Re: Sync Rep v19

From: Yeb Havinga <yebhavinga(at)gmail(dot)com>
To: Simon Riggs <simon(at)2ndQuadrant(dot)com>
Cc: pgsql-hackers(at)postgresql(dot)org
Subject: Re: Sync Rep v19
Date: 2011-03-04 11:24:06
Message-ID: 4D70CBD6.2020004@gmail.com
Views: Raw Message | Whole Thread | Download mbox | Resend email
Thread:
Lists: pgsql-hackers

On 2011-03-03 11:53, Simon Riggs wrote:
> Latest version of Sync Rep, which includes substantial internal changes
> and simplifications from previous version. (25-30 changes).
Testing more with the post v19 version from github with HEAD

commit 009875662e1b47012e1f4b7d30eb9e238d1937f6
Author: Simon Riggs <simon(at)2ndquadrant(dot)com>
Date: Fri Mar 4 06:13:43 2011 +0000

Allow SIGTERM messages in ProcessInterrupts() even when interrupts are
held, if WaitingForSyncRep

1) unexpected behaviour
- master has synchronous_standby_names = 'standby1,standby2,standby3'
- standby with 'standby2' connects first.
- LOG: 00000: standby "standby2" is now the synchronous standby with
priority 2

I'm still confused by the priority numbers.

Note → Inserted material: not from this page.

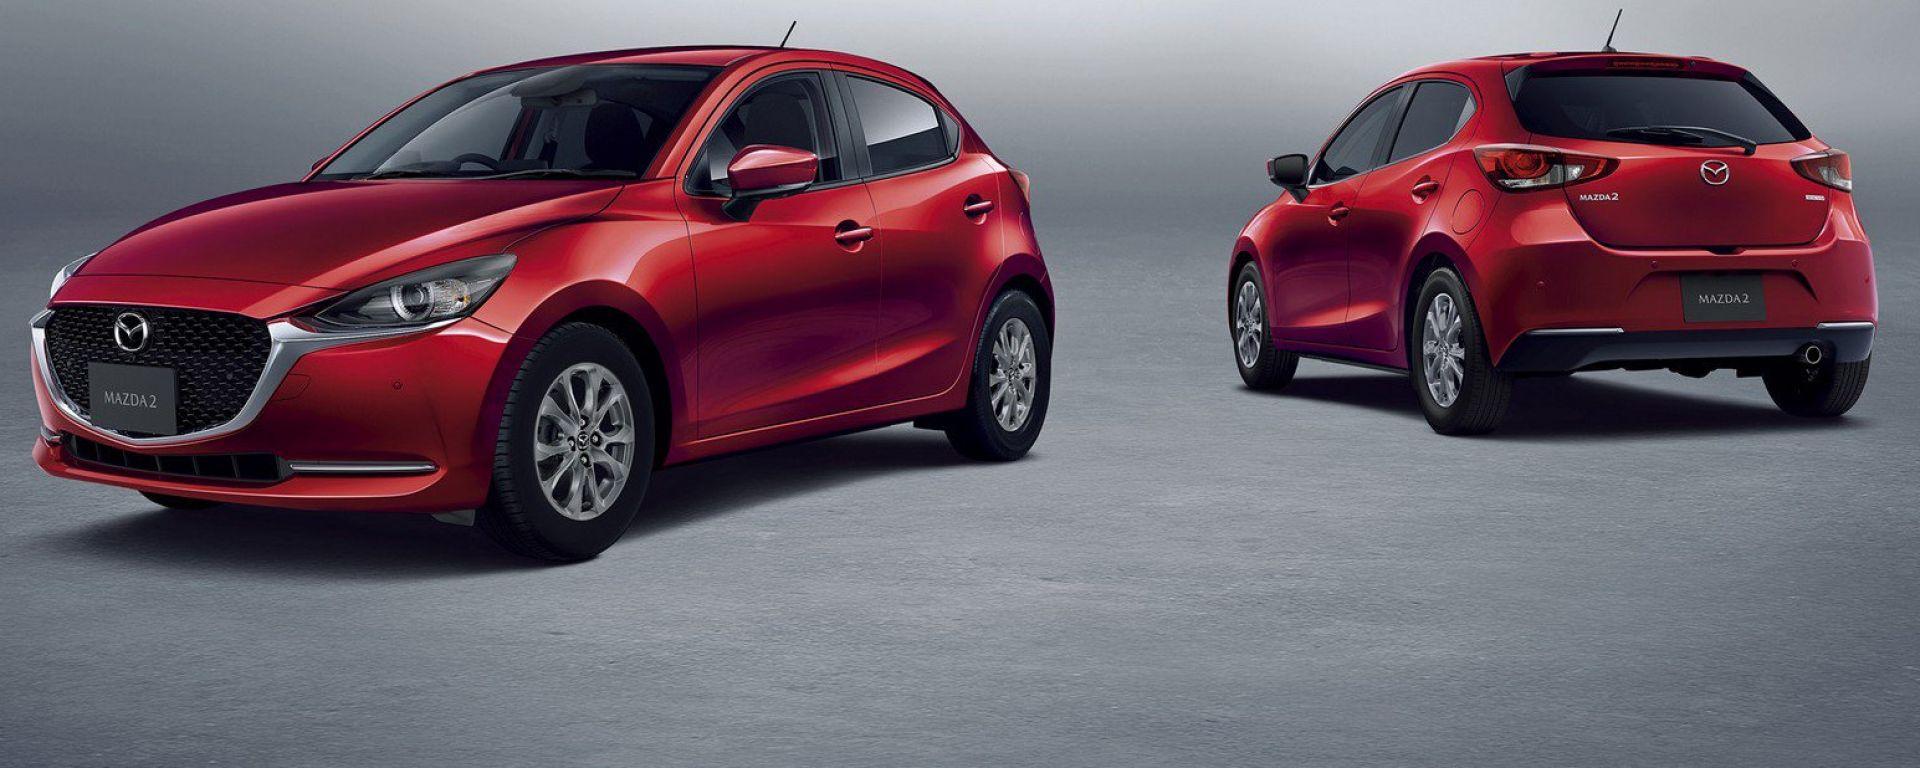 Nuova Mazda 2 2020: il facelift fronte e retro
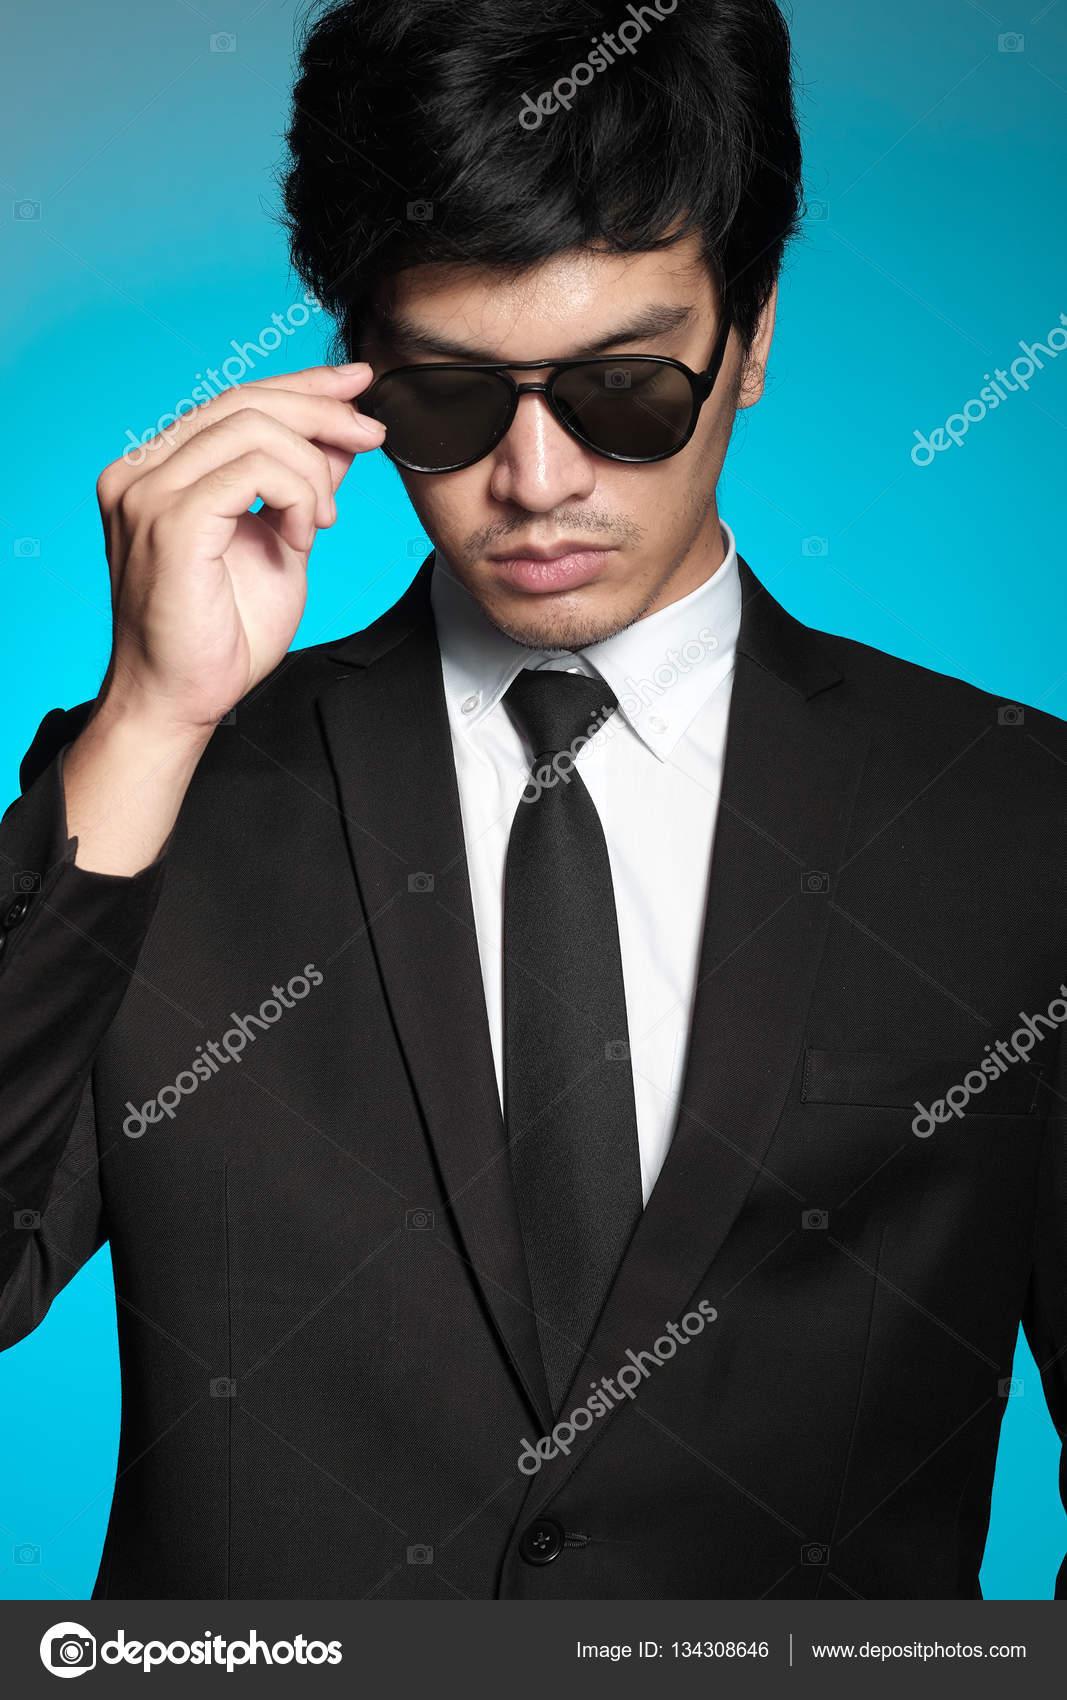 Homme asiatique en costume noir et chemise blanche sur fond bleu — Image de  crazybboy 5753cafe2fd

At first I thought that
priority 1 meant: this is the one that is currently waited for. Now I'm
not sure if this is the first potential standby that is not used, or
that it is actually the one waited for.
What I expected was that it would be connected with priority 1. And then
if the standby1 connect, it would become the one with prio1 and standby2
with prio2.

2) unexpected behaviour
- continued from above
- standby with 'asyncone' name connects next
- no log message on master

I expected a log message along the lines 'standby "asyncone" is now an
asynchronous standby'

3) more about log messages
- didn't get a log message that the asyncone standby stopped
- didn't get a log message that standby1 connected with priority 1
- after stop / start master, again only got a log that standby2
connectied with priority 2
- pg_stat_replication showed both standb1 and standby2 with correct prio#

4) More about the priority stuff. At this point I figured out prio 2 can
also be 'the real sync'. Still I'd prefer in pg_stat_replication a
boolean that clearly shows 'this is the one', with a source that is
intimately connected to the syncrep implemenation, instead of a
different implementation of 'if lowest connected priority and > 0, then
sync is true. If there are two different implementations, there is room
for differences, which doesn't feel right.

5) performance.
Seems to have dropped a a few dozen %. With v17 I earlier got ~650 tps
and after some more tuning over 900 tps. Now with roughly the same setup
I get ~ 550 tps. Both versions on the same hardware, both compiled
without debugging, and I used the same postgresql.conf start config.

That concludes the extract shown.